I don't normally spend too much time on a single puzzle, because I have many puzzles in my collection (a lot of them Exchange Puzzles) that I have yet to go through. From my last count from two exchanges, I have still over 140 more which are untouched. I know there are those who persist with a single puzzle for weeks at an end, eg Kevin Sadler and I truly respect their efforts! But I am not one of them. 



But Square Dissection got more than my usual fair share of attention because firstly I quite like packing puzzles and secondly, I also enjoy designing them and producing working copies in plexiglass for myself or for sale. So when I selected Nick Baxter's Square Dissection from my stash, which was his IPP34 Exchange Puzzle, and thinking to myself that its JUST 9 ordinary rectangles into a tray, I decided to test my solving powers on his design....and failed quite miserably!

First the specs...the tray measures 9.5cm x 9.5cm x 0.6cm. The pieces are all rectangles with differing measurements for each like 18x20, 24x25 etc. These are not actual measurements but unit values of the length x width of the pieces. Both tray and pieces are made of translucent red and green acrylic/plexiglass. Everything is laser cut to perfection...and tight tolerances are indeed needed for this puzzle! 

The goal is to place all the 9 green rectangles into the tray with none of the pieces sticking out. Your regular 2D tray packing puzzle right? Yes, but nothing regular about it. In fact after trying for several days on and off and not getting anywhere (there is always just one last piece that refuses to go in), I did what I usually advocate; that is to ask the designer for help. Nick came back with a series of questions which were actually hints on the solve. Needless to say, these hints were lost on me and another round of email exchanges resulted in yet more hints. Still no luck and a couple of weeks later, I threw in the towel and asked for the solution. Damn...everything fits so easily and nicely into the tray! Actually there is a bit more to this puzzle that meets the eye but I shan't mention anything more here as I don't want to have any spoilers for those who may still be tearing their hair out over the Square Dissection.

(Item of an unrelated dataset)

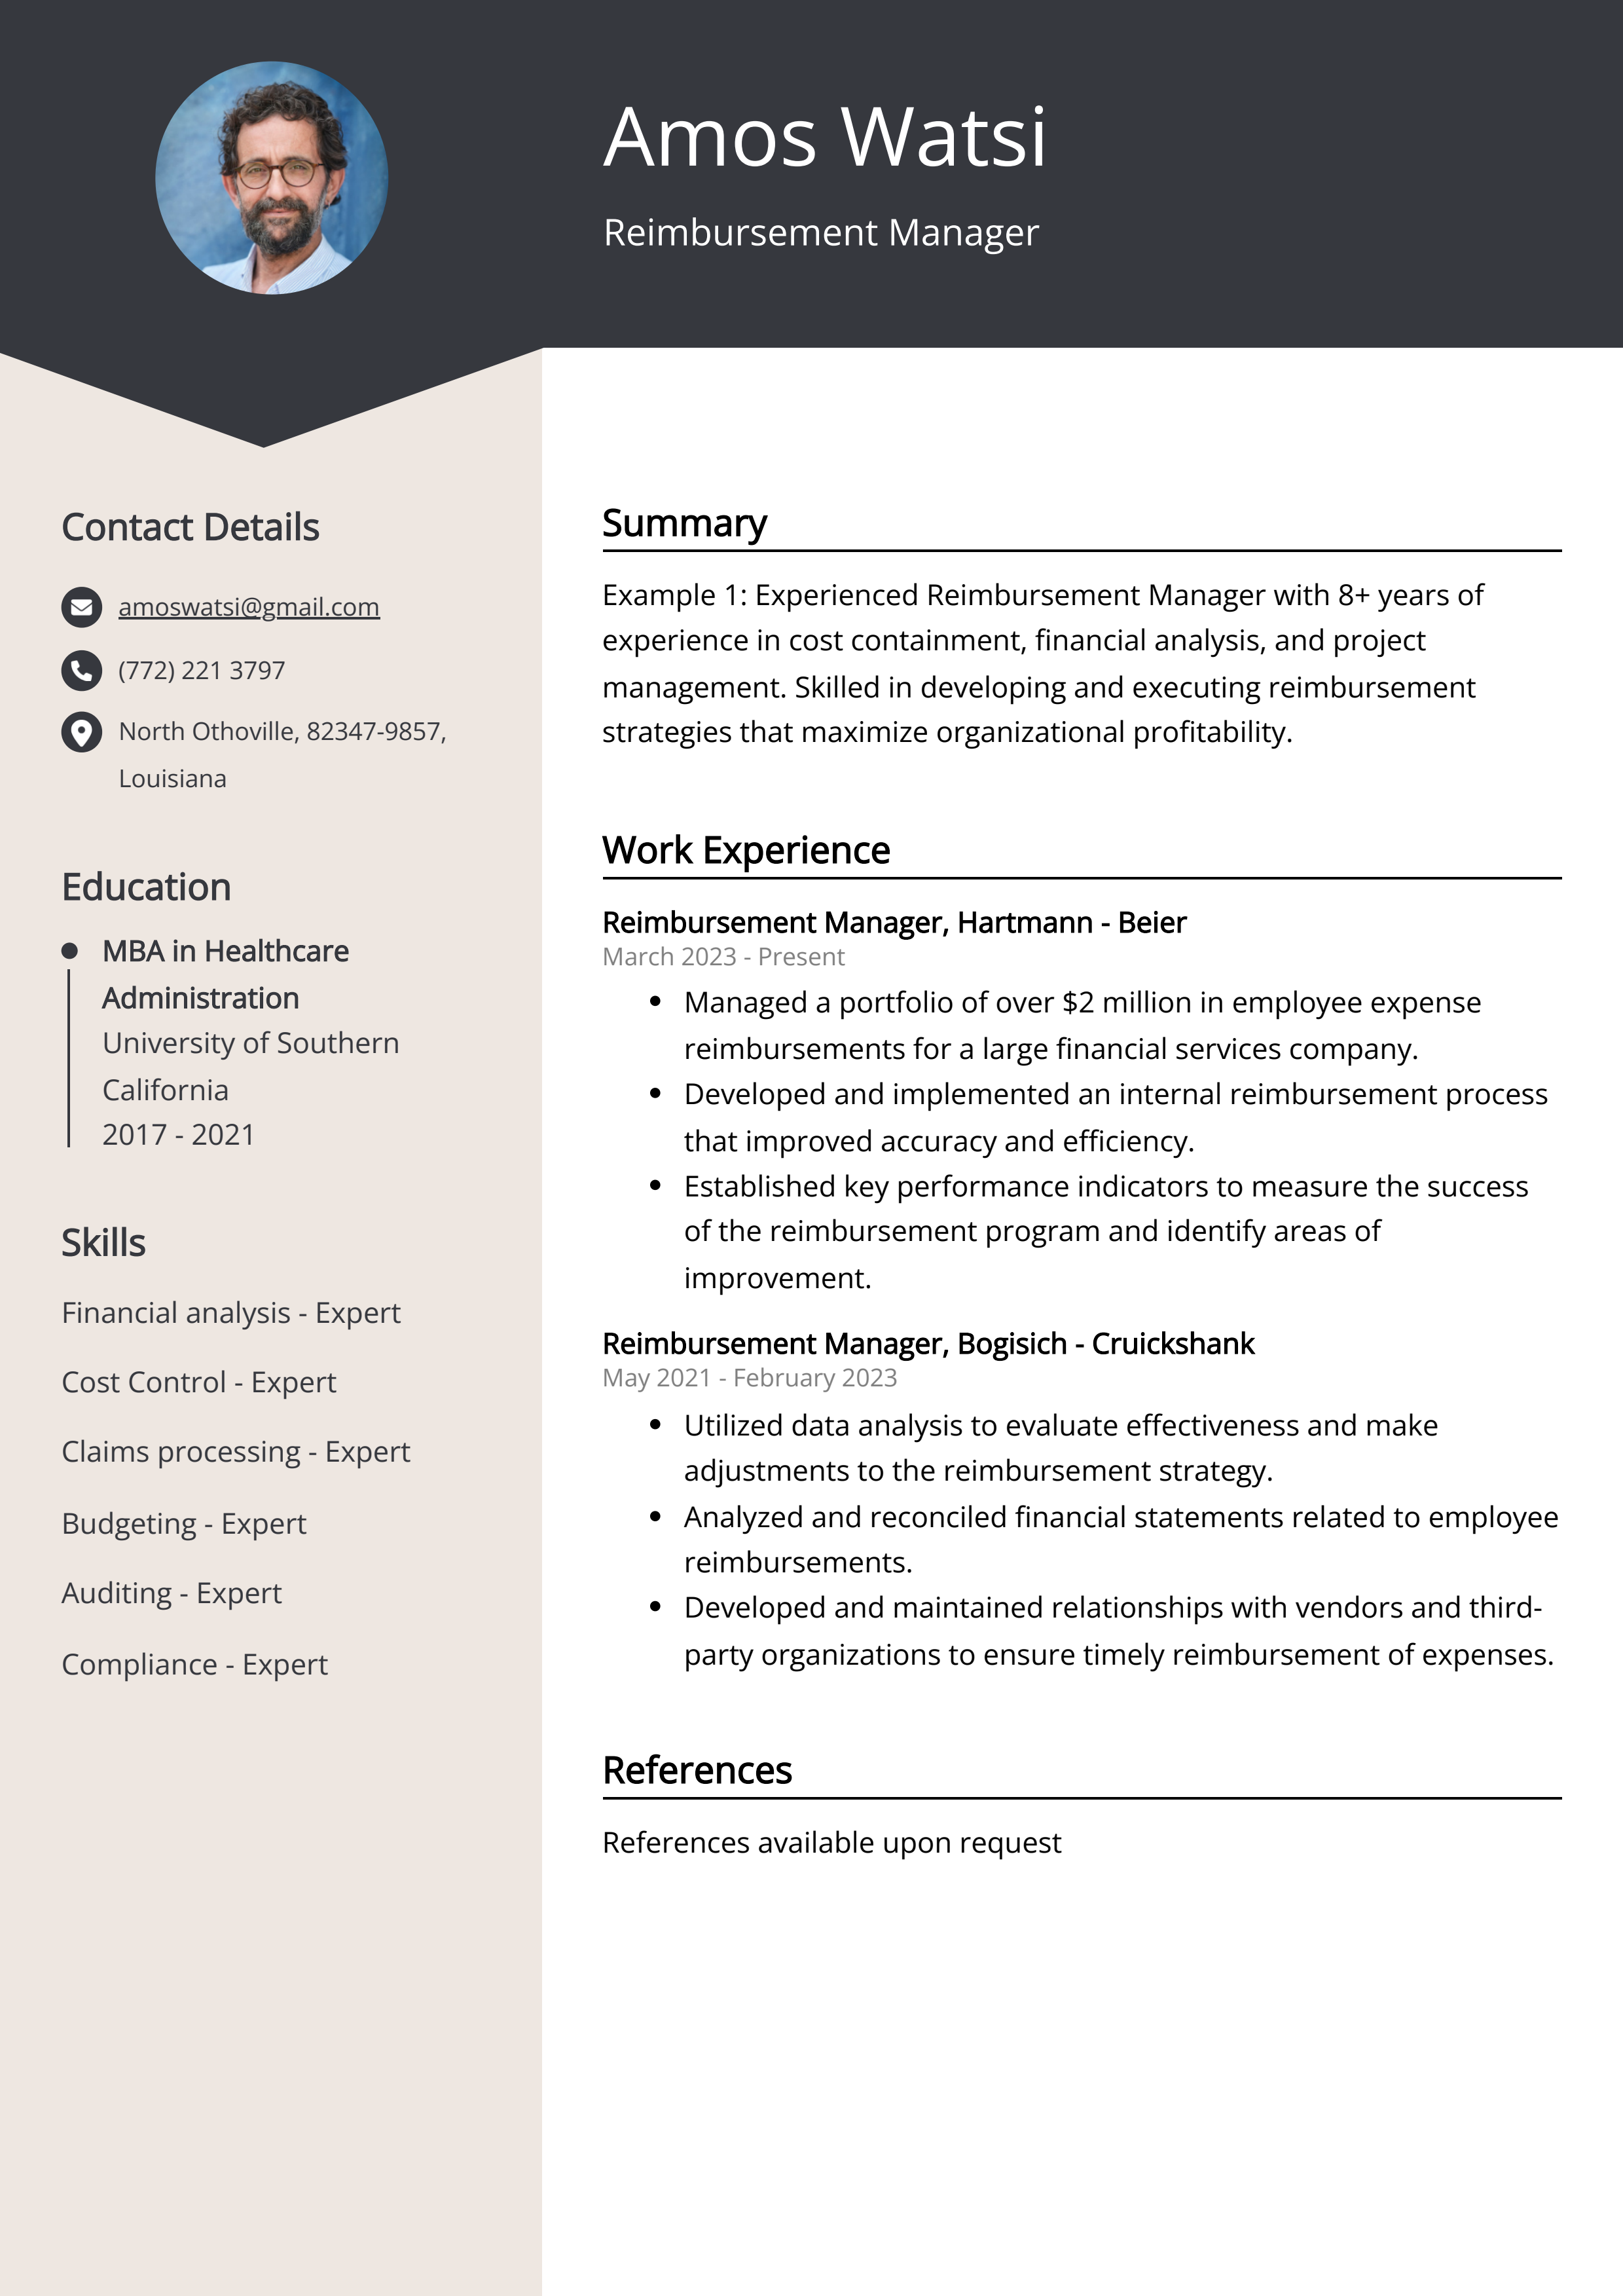 Reimbursement Manager CV Example

This puzzle may look innocuously ordinary, but there is a lot of "mathematics" behind the design and IMHO, very difficult and challenging. According to Nick, there are 23,224,320 ways to lay the pieces in a 3x3 format but only one will enable the correct fit inside the tray. And before I forget, don't waste your time with Burr Tools, it won't work.

For hardcore packing fans, this is a must have! Dave Holt, hope you are reading this. Go for one!


18 comments:

  1. Is this puzzle currently available anywhere?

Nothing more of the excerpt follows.